Construction Punch List Definition, Best Practices, and Helpful Tips

By Diana Ramos | March 11, 2020

In this article, we've researched and compiled all there is to know about punch lists in construction in order to better create, track, and manage them. Plus, find a free template to start your own. 

Included on this page, you’ll find a construction punch list template, a step-by-step process for completing punch lists in construction, tips for executing, and pitfalls to avoid as you create and work through your punch lists.

What Is a Punch List in Construction?

A punch list is part of the project closeout portion of the construction process in which a contractor prepares a document that lists any work that has not been completed, or not been completed correctly. 

The punch list — also called a snag list, a deficiency list, and a punch out list — is created before the final inspection to outline all remaining work, and the contractor, project owner, or any other key stakeholders can add to it. A construction punch list should follow the terms of the original contract — for all the unaddressed items on the list, the contractor and customer will reach a mutual agreement before considering the project complete and ready for final payment. (Typically, the contract includes the right to withhold payment until all the items have been completed correctly.)

A construction punch list will often include the following items:

  • Interior or exterior issues
  • Incorrect installations, like flooring or cabinetry
  • Mechanical issues related to thermostats, ductwork, and appliances
  • Anything additional that was damaged during the course of the project, like a cracked driveway or flawed drywall 
  • Any unaddressed items outlined in the original contract

Many other things can be added to a punch list, but essentially, punch lists are limited to small or minor fixes that must be completed before a project is officially closed out. Since no building project will ever be perfect, contractors may make a distinction between reasonable flaws (minor, insignificant flaws that still meet contract specifications) and unreasonable flaws (errors that must be fixed). A punch list identifies unreasonable flaws for correction. Larger issues are usually addressed through a change order, which happens earlier in the construction process.

Punch lists help to justify retainage (also called retention), which refers to the amount of money that is deliberately withheld at the end of a construction project to ensure the contractor follows up on the punch list and completes all work. Additionally, retainage also helps to ensure that all work is on par with everything that was outlined and agreed upon in the contract. Usually, the retainage accounts for around five to ten percent of the original contract price.

Ultimately, the goal of all construction projects is to achieve zero items on their punch list — once this is the case, the construction project enters the substantial completion part of the project. This stage indicates the point at which both the project owner and contractor determine that all work is complete, and the project owner is able to occupy the space and use it for its intended purposes.

Zero Punch List in Construction

A zero punch list refers to a construction project that has no remaining items to address or fix at its conclusion.

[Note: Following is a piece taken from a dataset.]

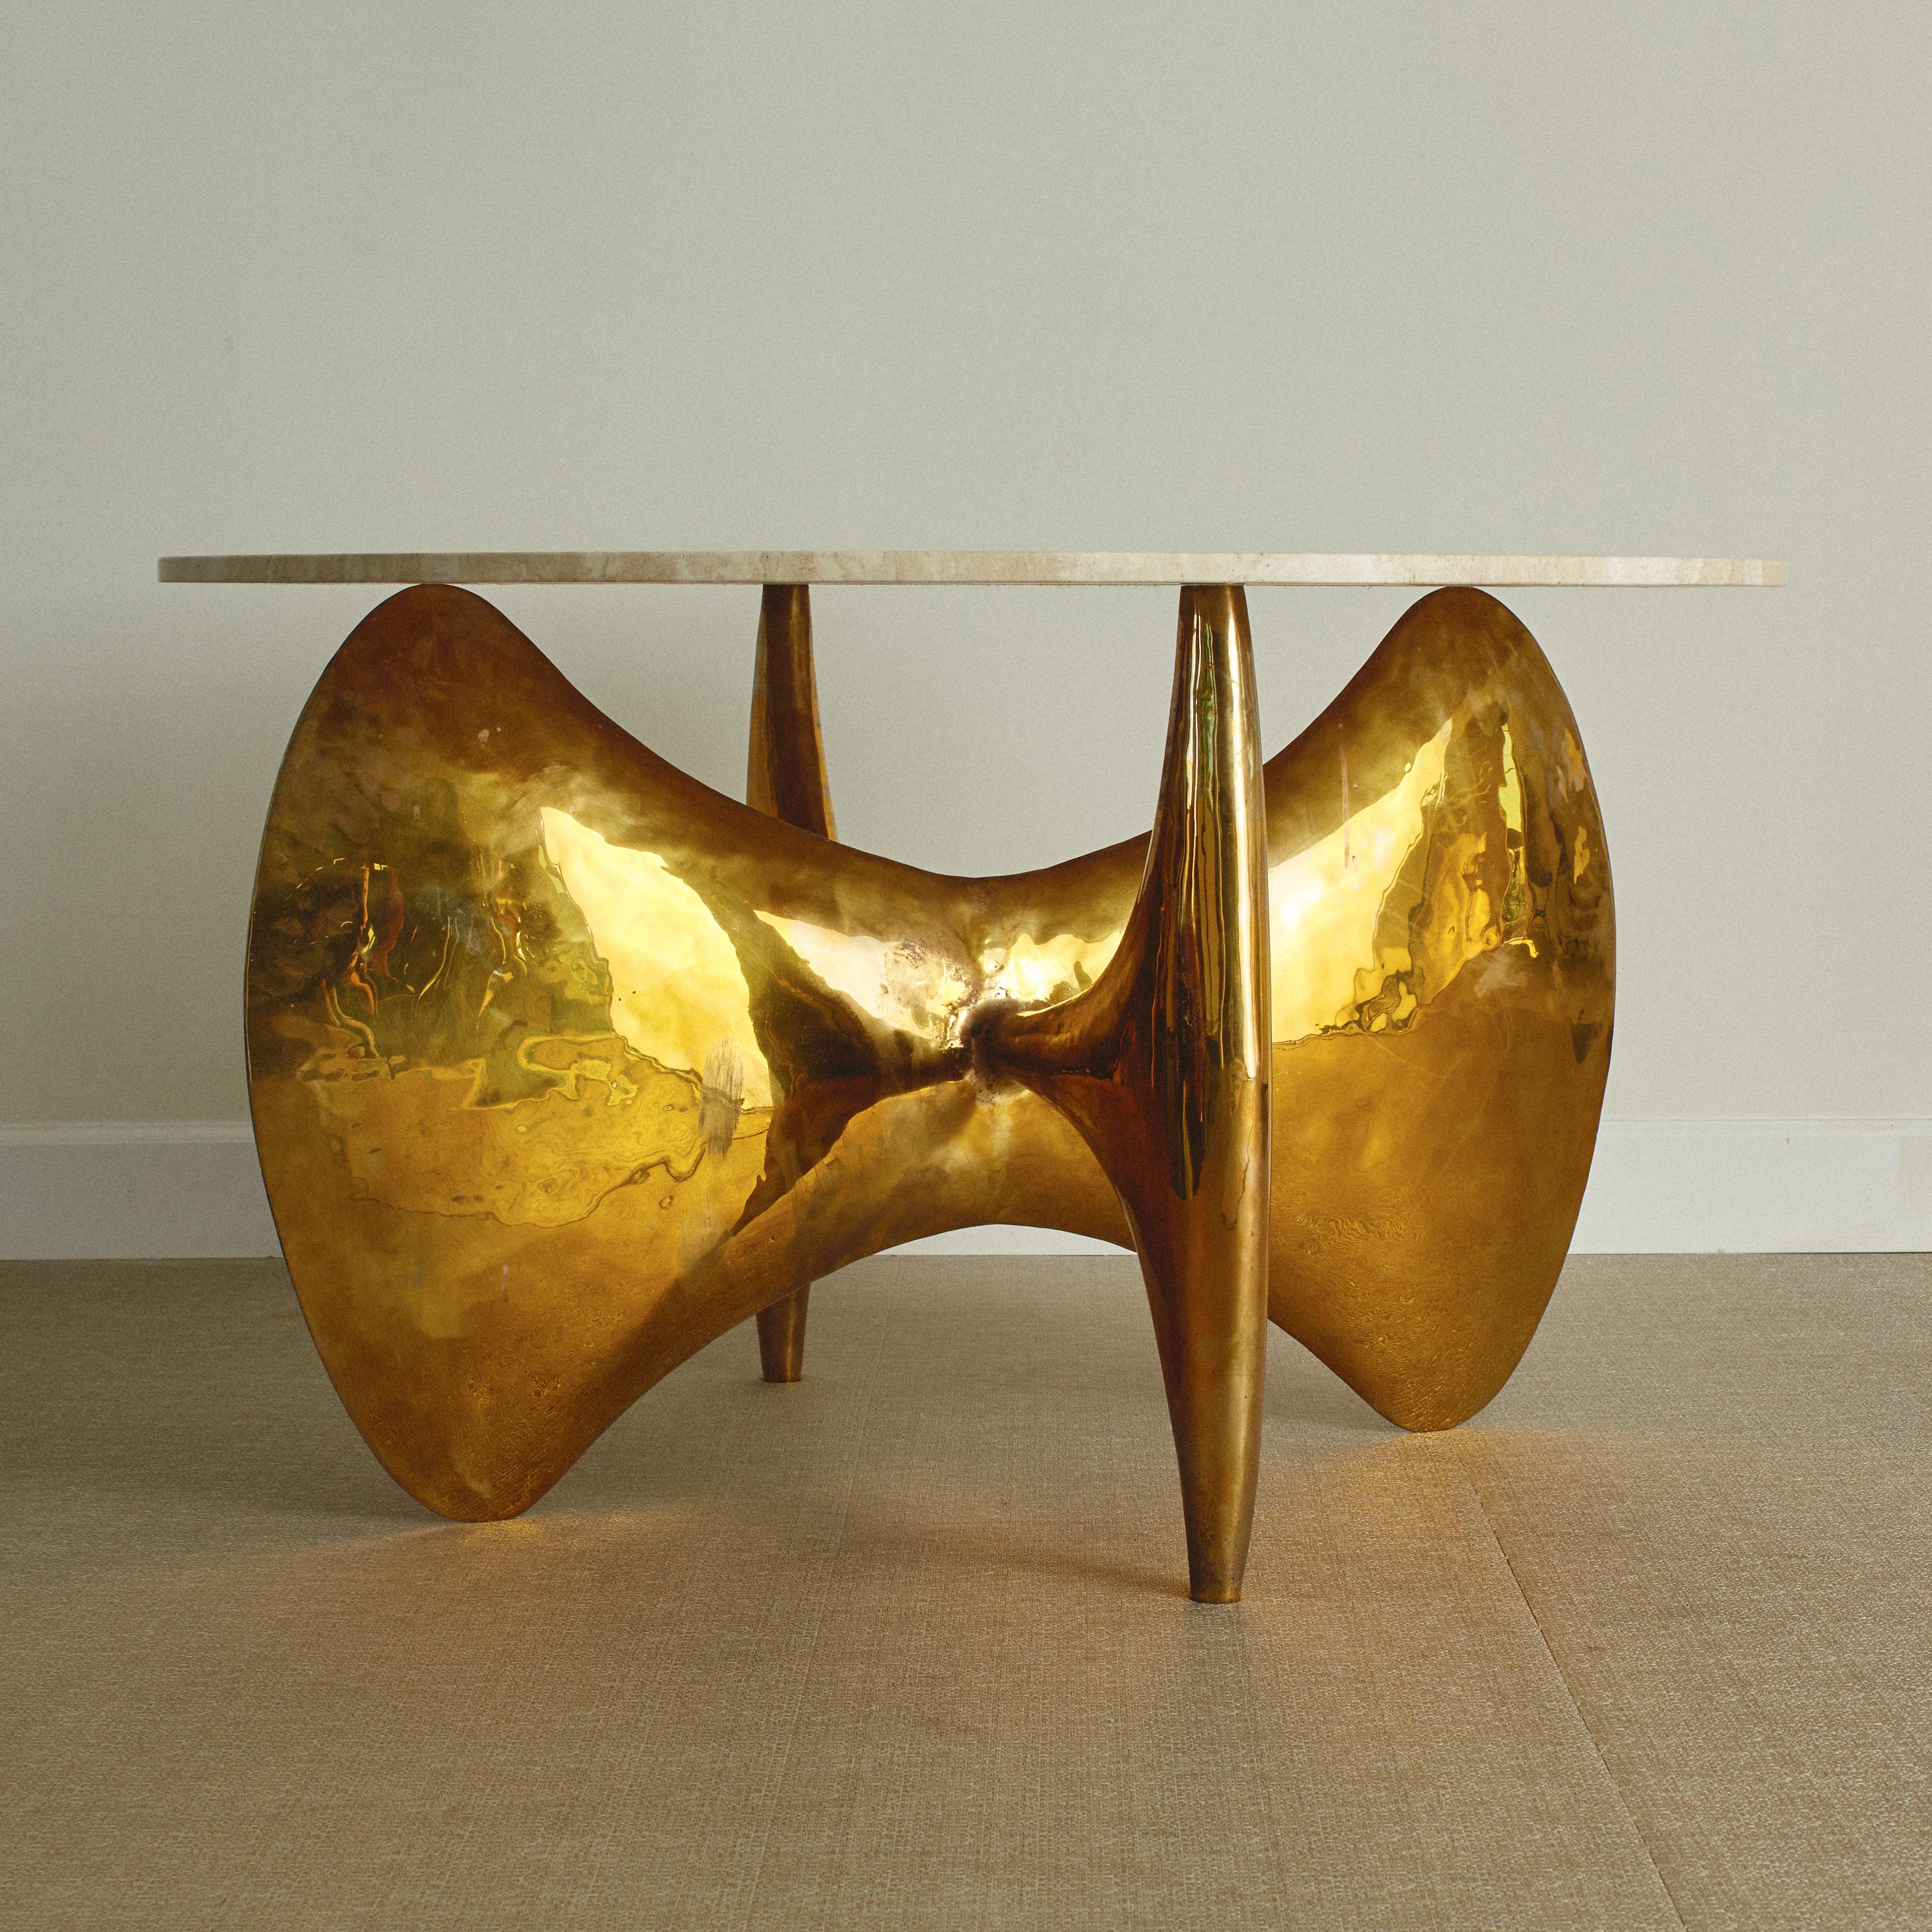 Philippe Hiquily was a French artist and designer known for biomorphic furniture and sculptures. He was able to combine modernist design, insect physiognomy, and human sexuality, to produce unique Surrealist works.

This piece is a limited edition

The fewer repairs that need to be made, the more profitable a project is for the builder, and the happier customers will be. While punch lists are standard and honored by contractors, many aim for zero-punch projects in order to save time, hassle, and money in the long run. A few things can help builders accomplish this:

  • Clear Contract Documents: Starting a project with complete documents that cover all specifications will reduce the likelihood of any work not meeting standards or being overlooked.
  • Quality Control: Focus on strict quality control during the building process to help reduce errors and prevent damage. Setting high standards from the start means including zero-punch goals in your planning, and evaluating the quality of work at every stage of a project.
  • Communication: Depending on the project, this may include communication with owners, architects, subcontractors, or other parties. Having owners on site regularly during building to view the process can help ensure their satisfaction along the way. Additionally, welcome feedback from any tradesperson working on the project to support the evaluation process and help catch minor issues before they become major.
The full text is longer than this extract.